B.R.S.: I did favor this view for some time. In 1999, I founded a company called CombinatoRx that was focused on combining existing drugs in unexpected ways to create new medicines. For example, we found that an anti-parasitic drug combined with an anti-depressant had striking anti-cancer activity. At CombinatoRx, we screened millions of pairwise combinations of existing drugs against many different diseases.
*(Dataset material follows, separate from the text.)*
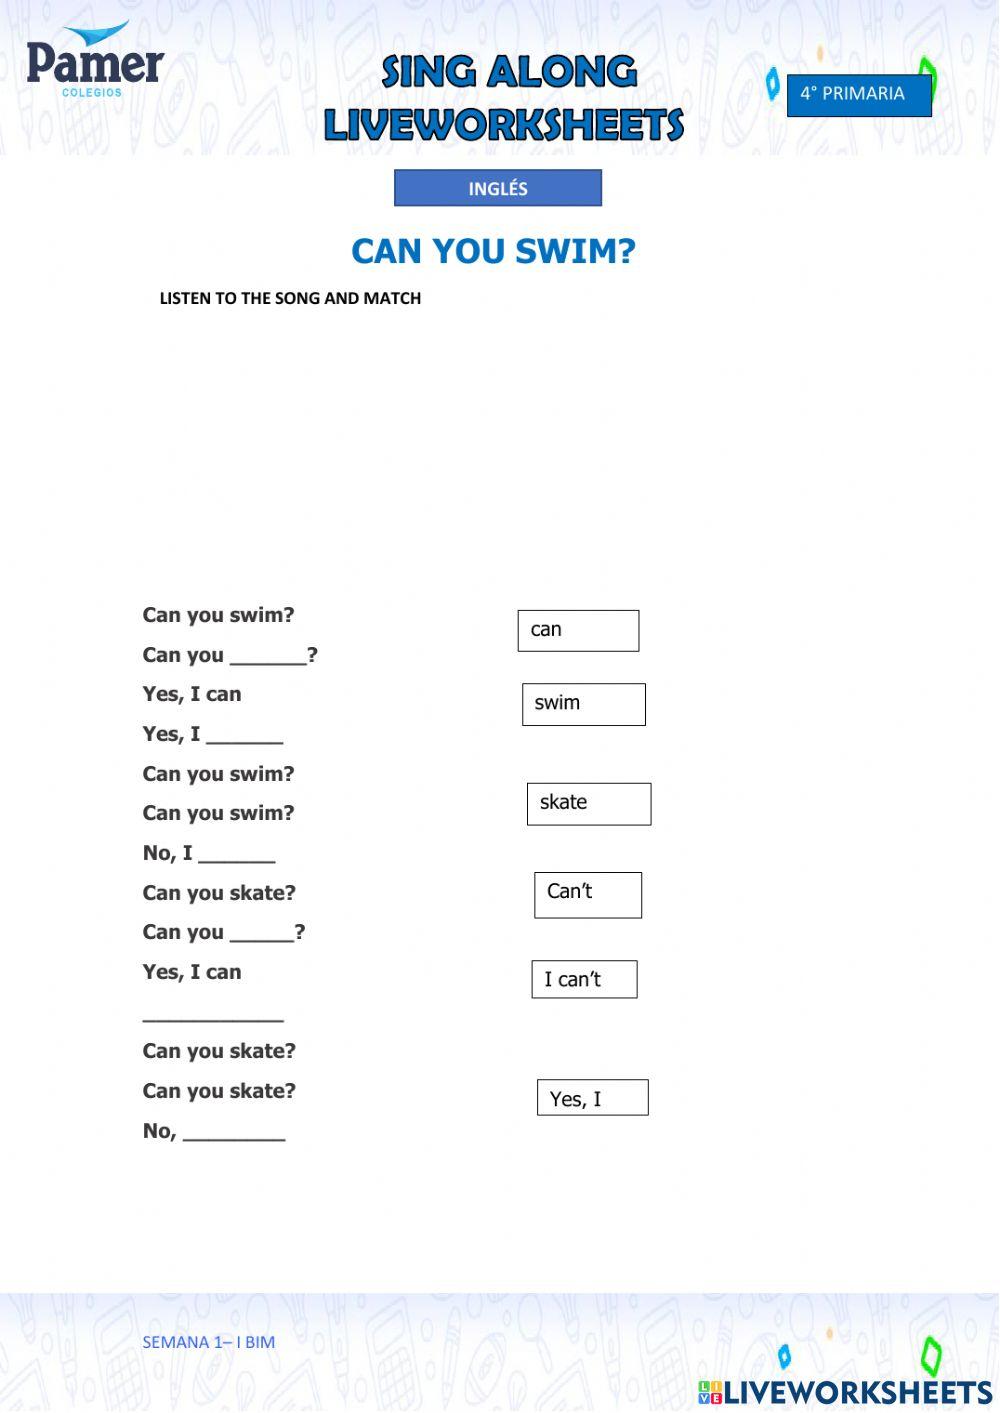 Can you swim

While we did find a number of strikingly synergistic combinations of drugs, these haven’t yet been turned into products that can benefit patients. So while I still think this is an interesting approach, the more important challenge is to unlock the huge reservoir of undruggable proteins, which would have a greater impact on disease.
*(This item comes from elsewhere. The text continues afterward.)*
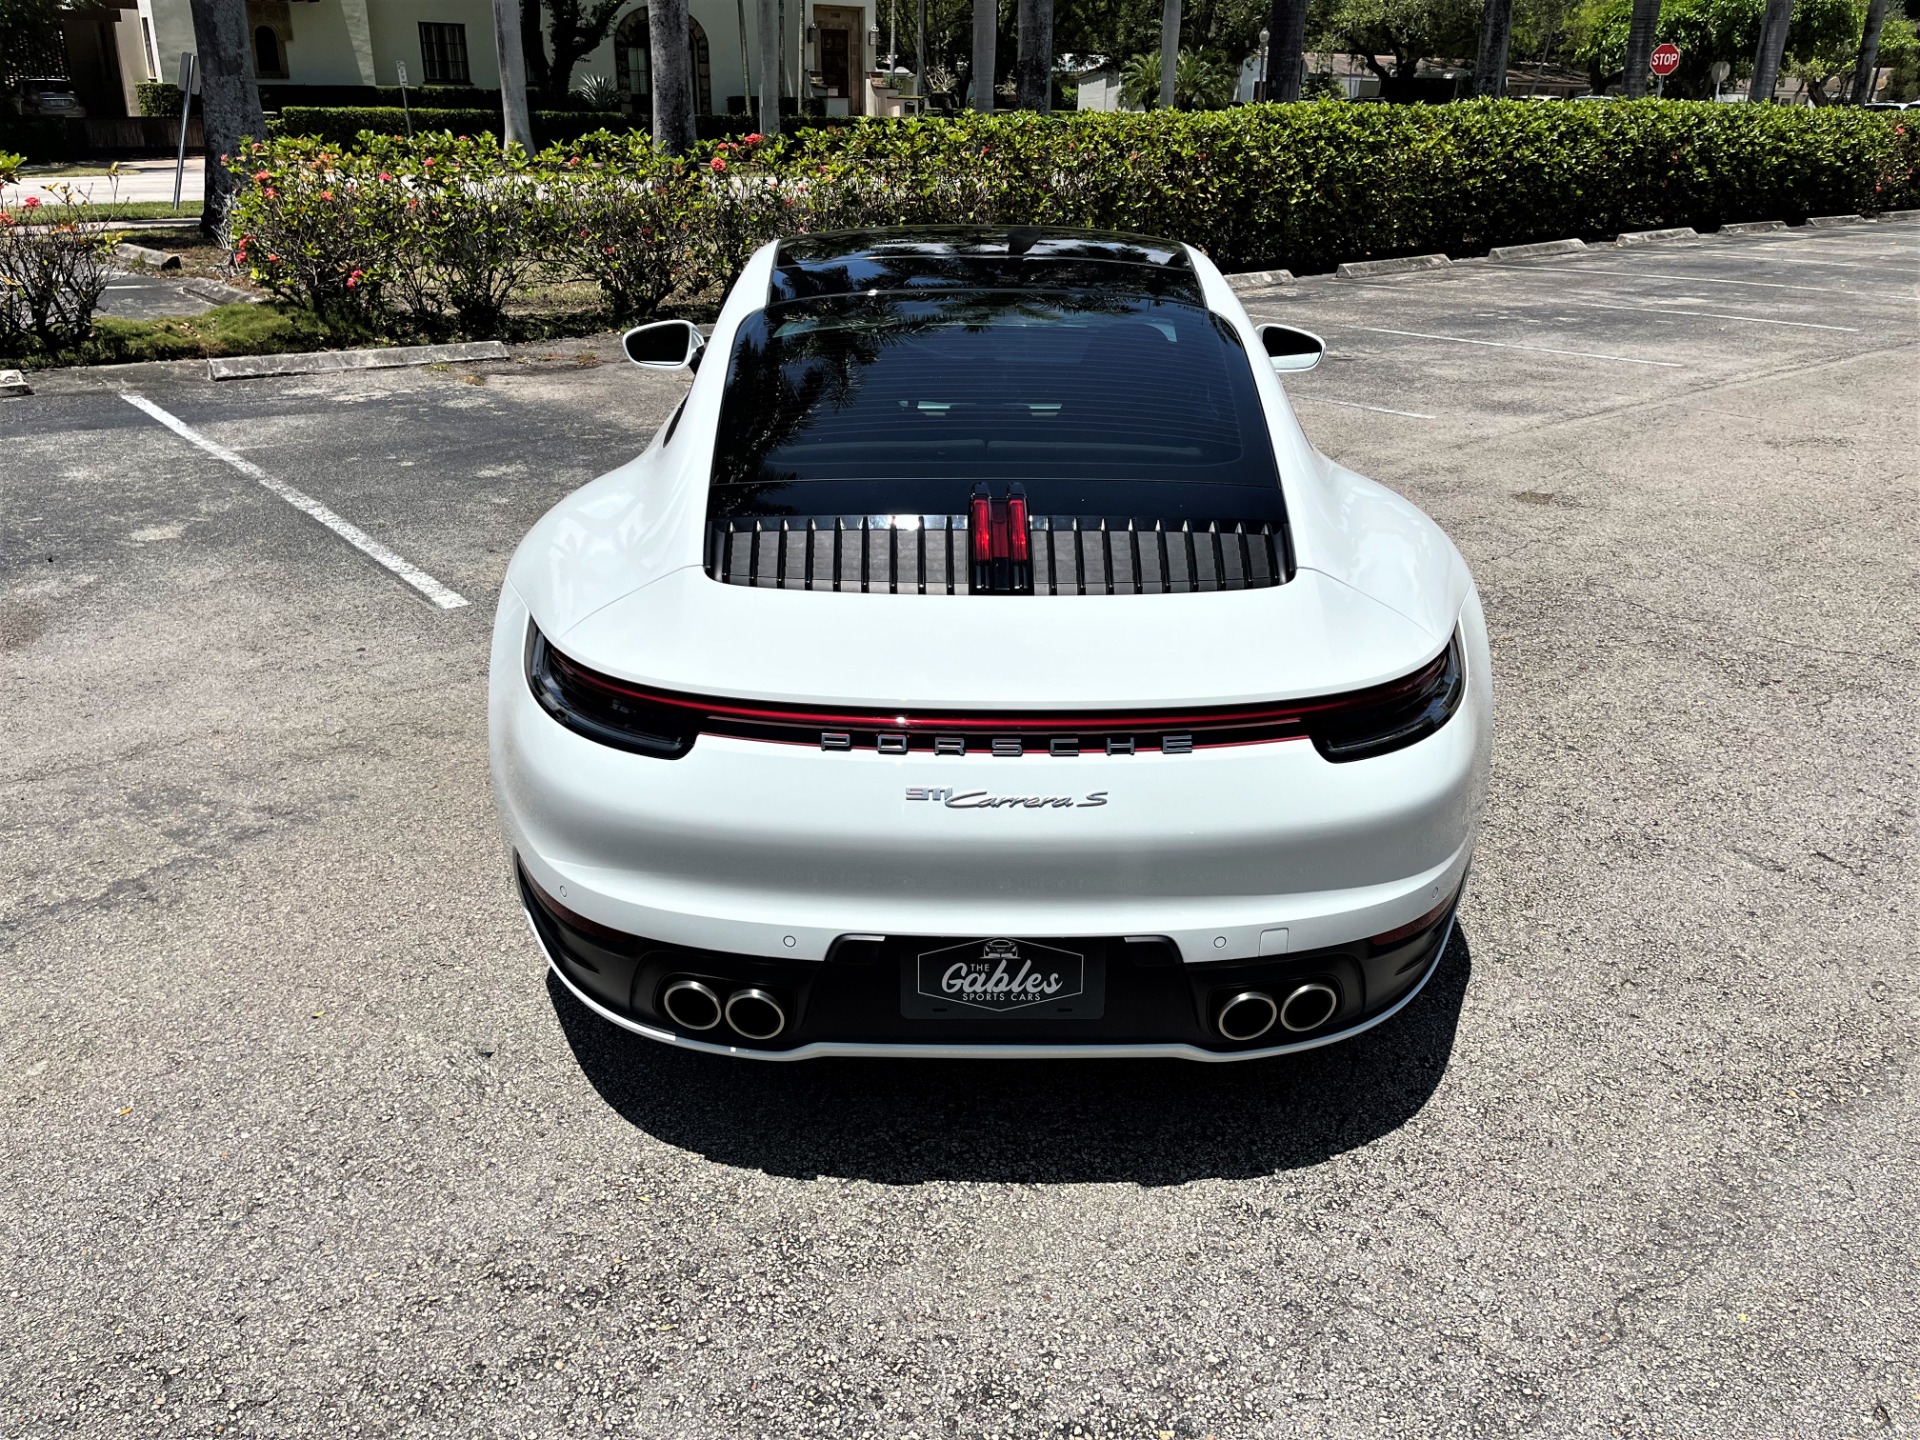 Used 2020 Porsche 911 Carrera S for sale $145,850 at The Gables Sports Cars in Miami FL 33146 4

Q: In the book, you write about Leo Sternbach’s serendipitous discovery of Valium. How does this relate to this problem of discovering new drugs today?
B.R.S.: In 1957, during a cleanup of his lab at the pharmaceutical company Roche, Sternbach discovered an old flask containing a chemical he had synthesized previously, but discarded for lack of interest. On a lark, he decided to have it tested for its anti-anxiety potential, a therapeutic area he had become interested in. The chemical, of an unknown identity, had striking anti-anxiety activity that was superior to the existing marketed drugs of that era. Within three years, Sternbach was able to figure out the identity of the chemical and had it approved for use in patients–a remarkable success, considering that drug development nowadays takes 10 to 15 years. This chemical was the first of the benzodiazepines, a class of drugs with a specific shape and structure that is powerful for treating anxiety. Some years later, Ben Evans and his colleagues at Merck discovered that benzodiazepine derivatives were also effective in treating other diseases and in interacting with other types of proteins. He suggested that this class of molecules is privileged, in the sense that it is especially effective at interacting with proteins and altering the course of disease. Other privileged molecular structures have since been discovered, and these molecules might be the key to addressing the undruggable proteins. Since these privileged compounds are so effective at interacting with numerous classes of proteins, they may be an effective starting point to look for new drugs against the supposedly undruggable protein targets.
Q: What else can be done to help improve the number of drugs discovered in the future?
B.R.S.: Only a small number of researchers have focused on the issue of the undruggable proteins–it is an understudied area. I would like to see a concerted effort by funding agencies and the biomedical community to address this grand challenge of our time. In addition, I think this is a great opportunity to educate students at every level about this fundamental scientific problem that has direct practical implications. By introducing the challenges associated with creating new medicines to curricula, we could teach students key aspects of chemistry, biology, pharmacology, and medicine, and hopefully stimulate the best minds to struggle with, and solve, this problem of the undruggable proteins. In the end, I do believe we will be successful, but we need to tackle this issue head-on, and with a serious commitment.